Deb, for her part, is trying to get her life back on track. After being rejected by Brady last week, she throws away all her vodka bottles and drives her car for the first time in a while — right to the nearby hair salon, where she’s hoping to ask for her old job back. But on the way in, she runs into an old friend named Chaz, who sidetracks her into grabbing a burger with him.
They have a fun time reminiscing about the old days, and good for Deb — she doesn’t give in to drinking even as Chaz, who now owns a local bar, pounds a few beers in front of her. As they part, she asks him to put in a good word for her with the hair salon owner — at which point the illusion shatters. Chaz reminds her that she drunkenly burned a woman while doing a dye job, and the salon was almost sued out of existence. She’s never getting her old job back. Chaz finishes by telling her to come to his bar if she ever falls off the wagon again. Nice people in this town!
Instead of going into the hair salon, Deb walks into the liquor store next door — though she only buys a bottle of water, as Brady learns when he comes in later trying to track her down. That won’t do, so Brady buys a bottle of premium vodka for his mother. And on his way home, he passes by the hospital and sees Janey embracing Bill. That can’t be good.

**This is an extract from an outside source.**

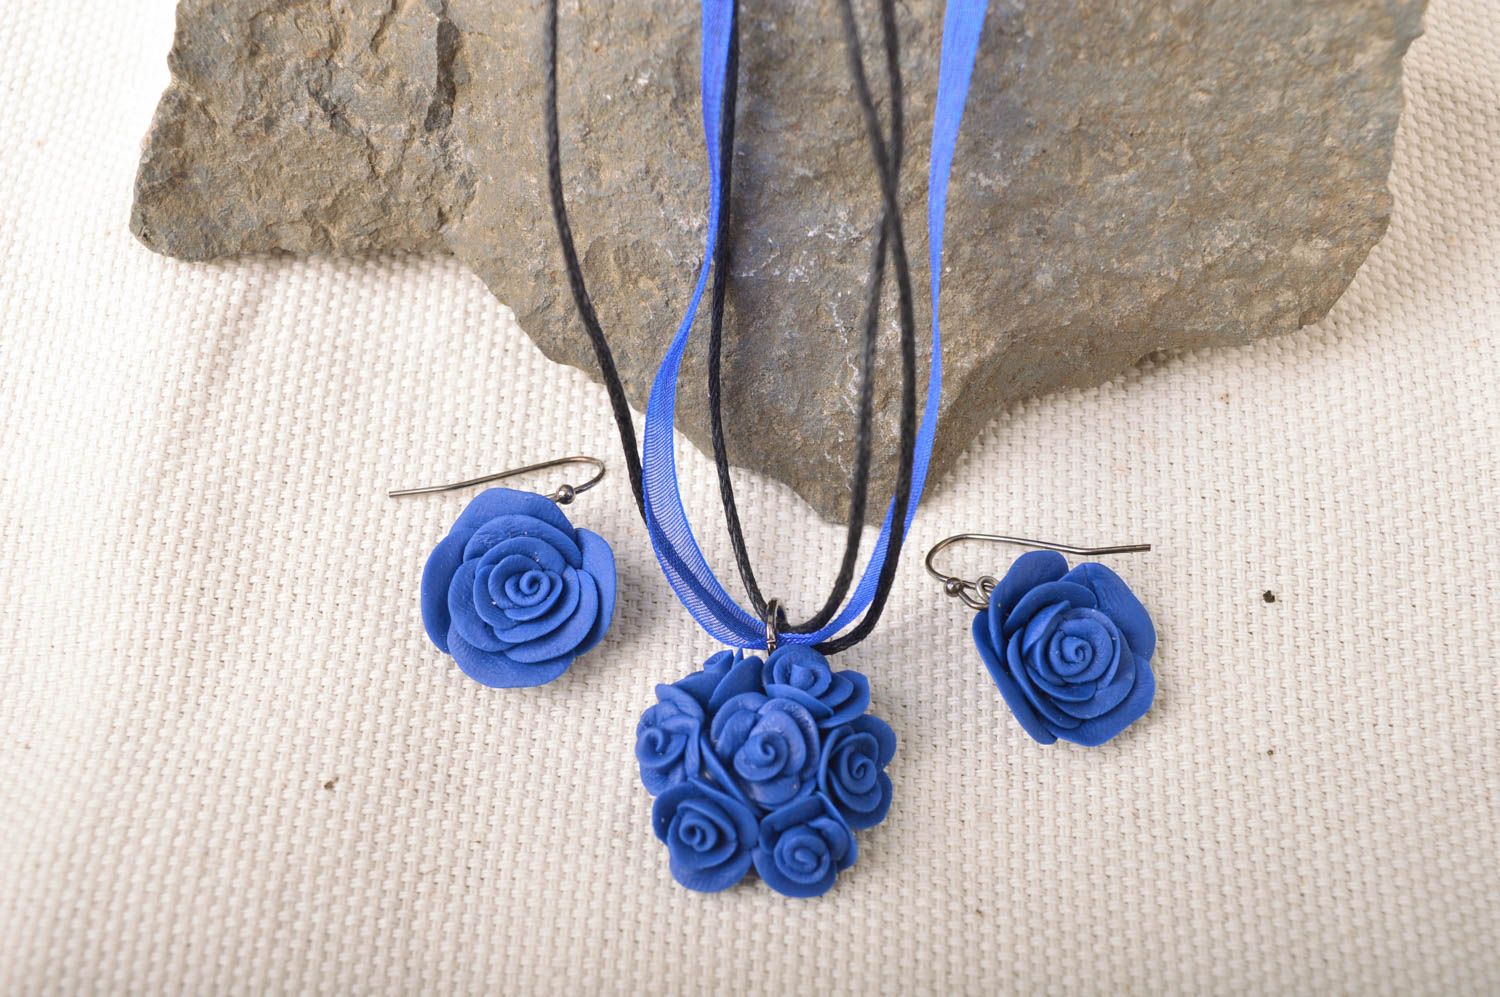 Handmade jewelry set made of cold porcelain earrings and pendant with flowers photo 1
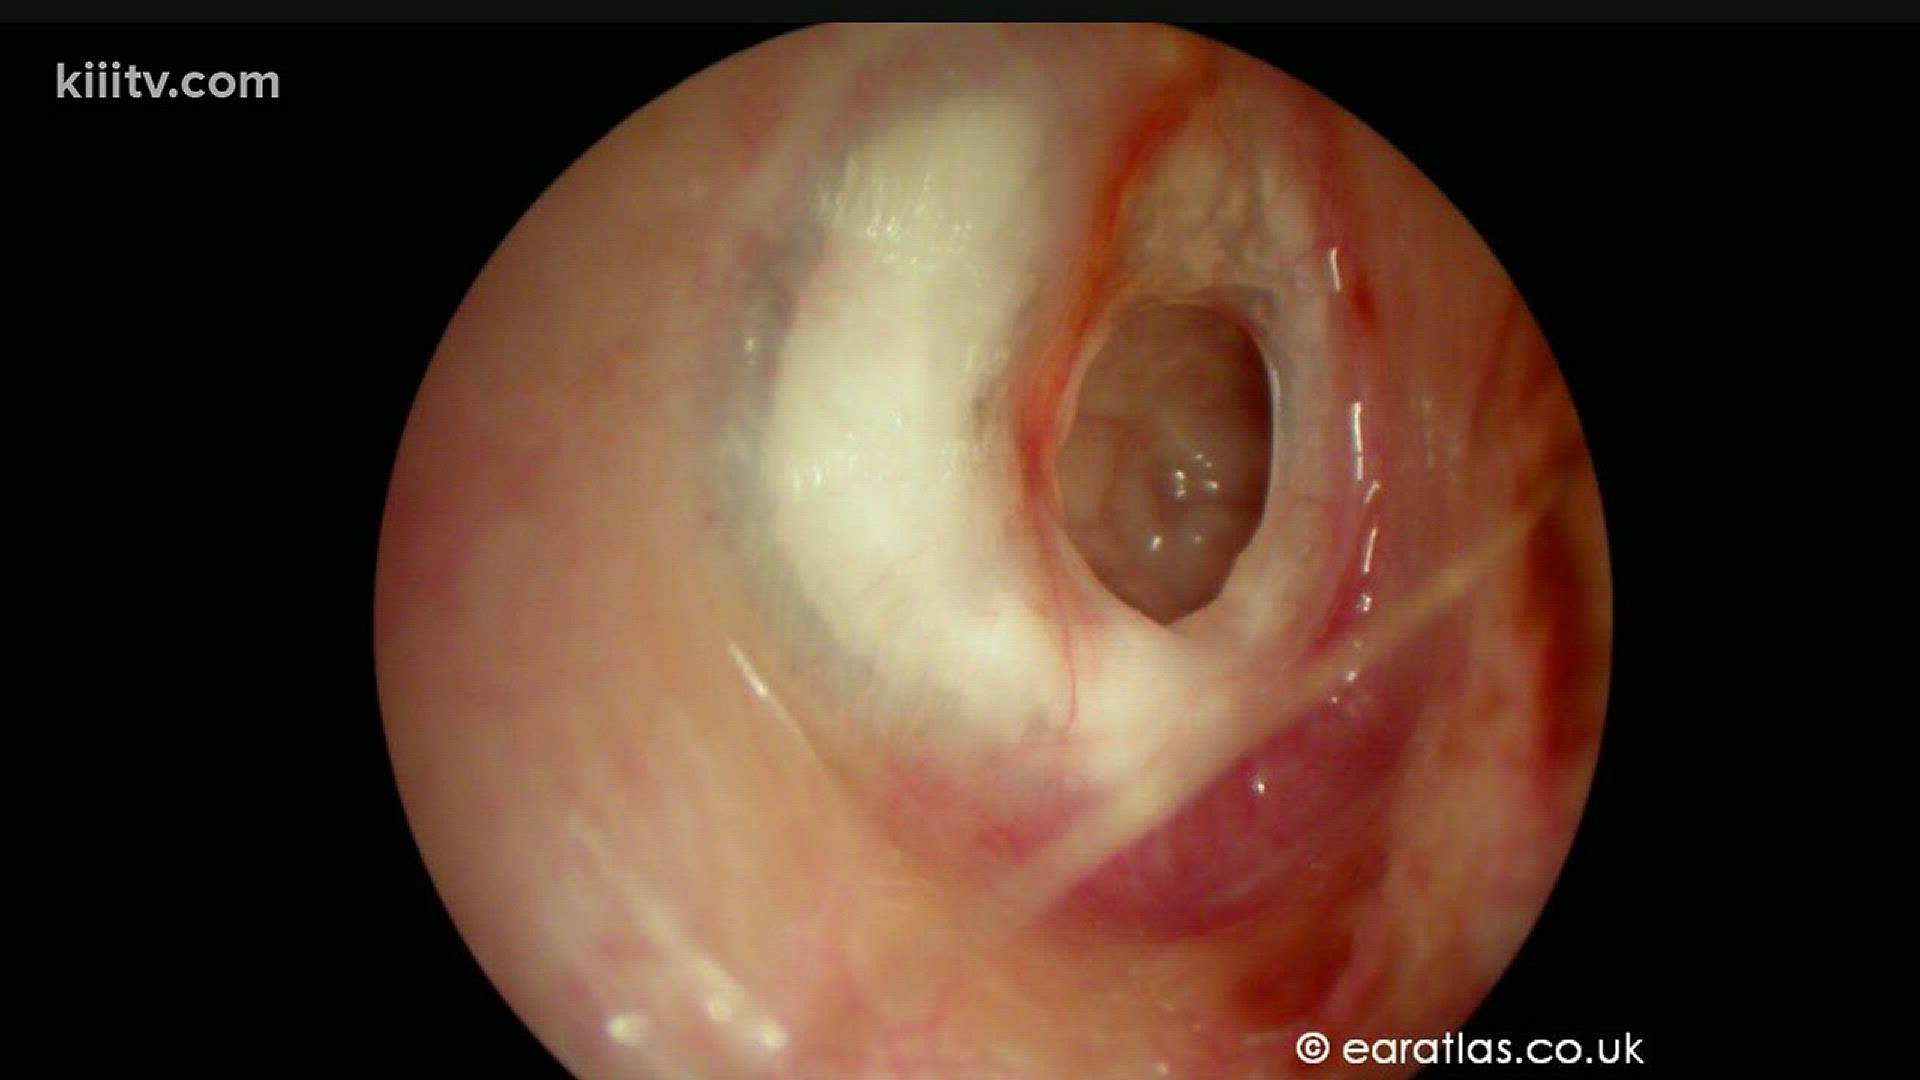 On Dr. Is In, we discuss what an ruptured eardrum is, how it can happen and what to do if you have one.

When they finally reconnect back home, Brady yells at his mom for taking the car without telling him and screwing up his interview. Deb tells him, “You weren’t born mean,” which seems to be exactly what Brady is afraid of here: lucidity. If his mother isn’t drunk all the time, she might start to see him for who he actually is. Brady changes tactics and gets her to admit that she’ll never get her hair salon job back. He takes the keys and presents her with the vodka, saying she needs to “wean” herself off rather than quit cold turkey. Down in his Batcave, he watches a video feed of her drinking again and celebrates uproariously at regaining control over his world.